Крошечке скучно стало путаться в темных юбках, с задранной головой выслушивая высокие речи, она решила дожидаться бабушку на бревнах, сложенных у глухой стены баньки, обращенной к улице. Это были мрачные, потрескавшиеся после многолетней лежки тесаные сосновые стволы, оставшиеся после постройки избы. Девочка вскарабкалась на верхнее бревно и только-только устроилась, собираясь сверху обозреть окрестности, как вдруг… бревна под ней зашевелились, как живые… Сана, все еще сидевший на гусиных весах (все ему мнилось: вот-вот окажется, что он хоть сто граммов — да весит!), сорвался с чугунной гири и полетел…
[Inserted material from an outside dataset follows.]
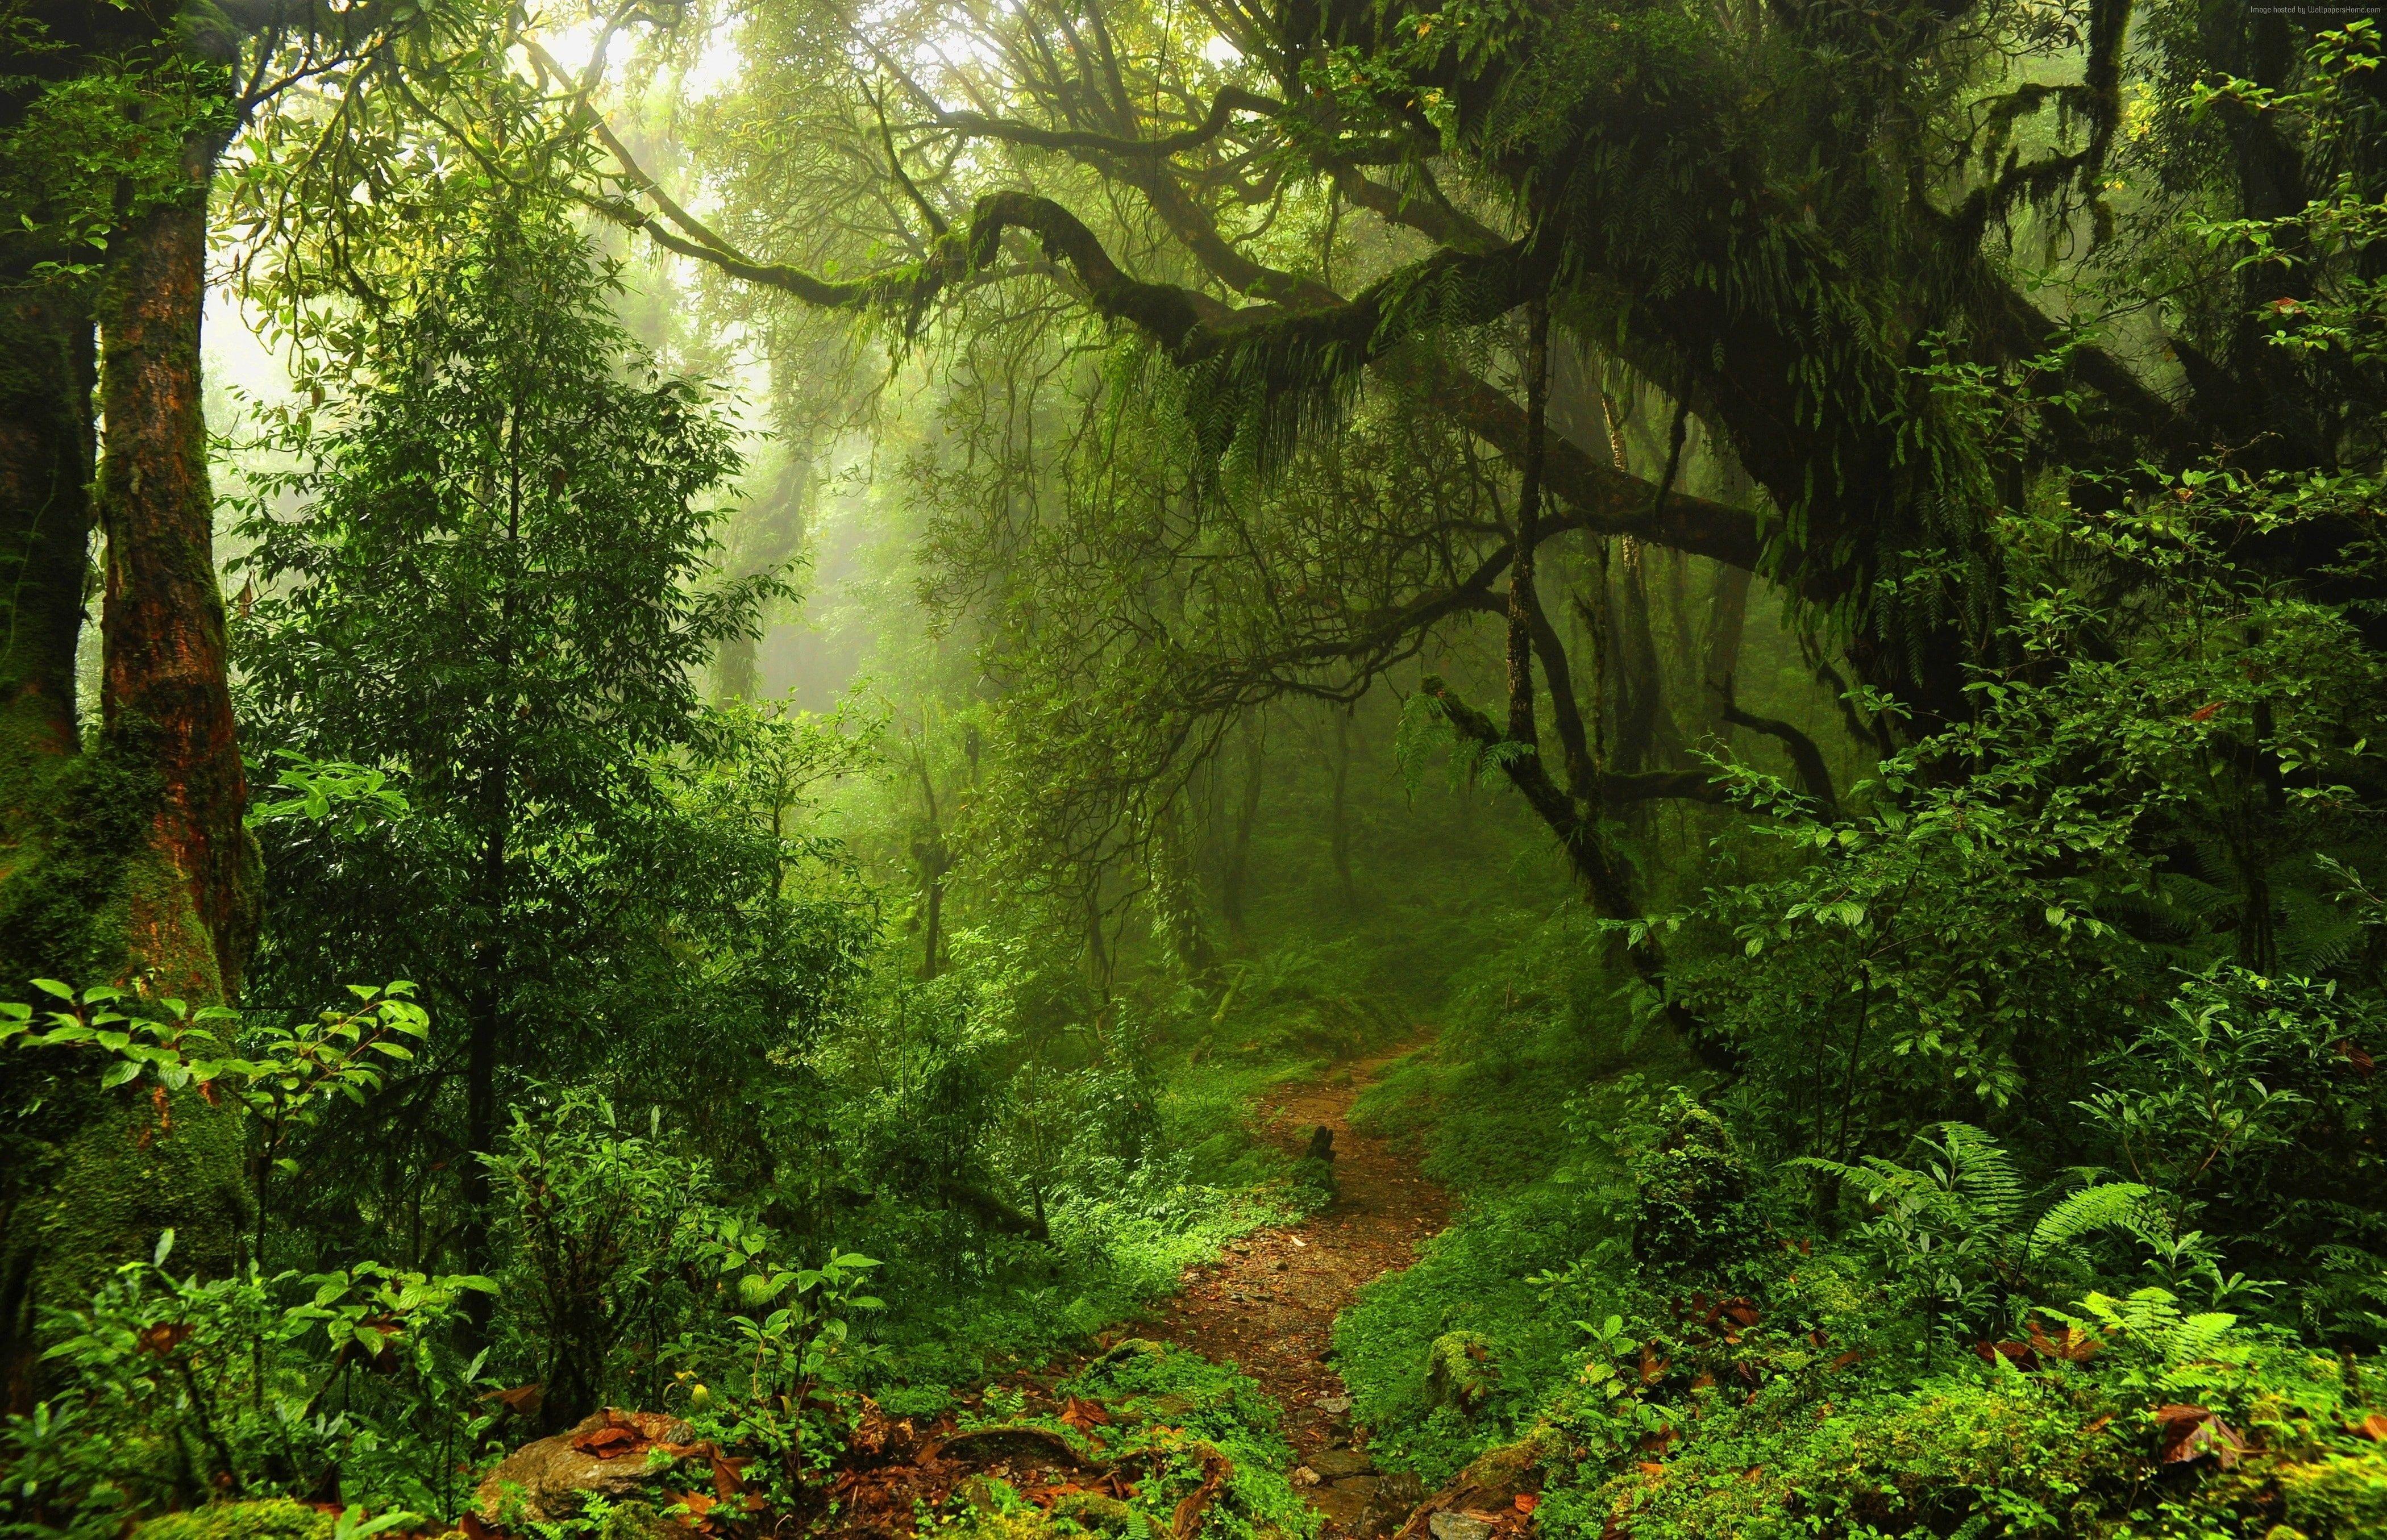 Trees Leaves 4k Summer Forest Grass Green 5k 4k Wallpaper Hdwallpaper Desktop In 2021 Landscape Oil Painting Landscape Photo

Внезапно ожившие бревна уже катились по улице, наклонно уходившей книзу, к обрывистому берегу реки. На передовом бревне, растопырив ручонки, циркачкой выплясывала Каллиста, так скоро перебиравшая босыми ножками по вертящейся поверхности, что в глазах рябило. Крошечка, которой удалось соскочить на землю, бежала впереди раскатившихся бревен, вместо того чтобы прянуть в сторону! С такой скоростью спастись ей не удастся! Пелагея Ефремовна стояла возле угла ограды, спиной — и ничего не видела. Сана, заметавшись, ударился в затылок бабки: и она, ровно что-то почуяв, обернулась! Побежала! Нет, не успеет!
Обращаться к Каллисте, которая, видать, и стронула залежавшиеся бревна, было бесполезно. Сана попробовал остановить бревно, на котором плясала мертвушка, попытавшись воззвать к дремотной душе павшего дерева: дескать, ну да, сгубили тебя, пропало ты вхолостую, но человёнок-то чем виноват?! Не он тебя рубил, не он тебя валил! Да вон палисадника-то нет перед фасадом избы — как раз на столбы и пойдешь! Что-то дрогнуло внутри ствола, как вроде соки весенней надежды побежали по капиллярам… Но — поздно: не остановить бревно, взяло оно разбег, катится уж по инерции, да и Каллиста еще подгоняет! Вот-вот бревнище сшибет дитёку с ног и катом прокатится по хребту! Сана влетел в правое ухо Крошечки, которая обернулась на настигавшую ее деревянную мертвечину, и показал вместо гнилого ствола — пушистую зеленую сосенку-младенца… Бревно подпрыгнуло на ухабе — Каллиста, взвизгнув, взлетела в воздух — но приземлилась куда надо!.. Крошечка споткнулась и ухнула в канаву, как-то извернувшись и успев сесть лицом к сосне, которой и раскрыла объятья… В следующее мгновение Крошечка уже держала пятиметровое бревно на коленях, крепко обхватив его ручонками, а Каллиста, соскочив с лесины, куда-то канула.
Остальные раскатившиеся бревна остановили бабка Пелагея с товарками. Набежавшим людям едва удалось разжать жаркие объятья девочки и бревна.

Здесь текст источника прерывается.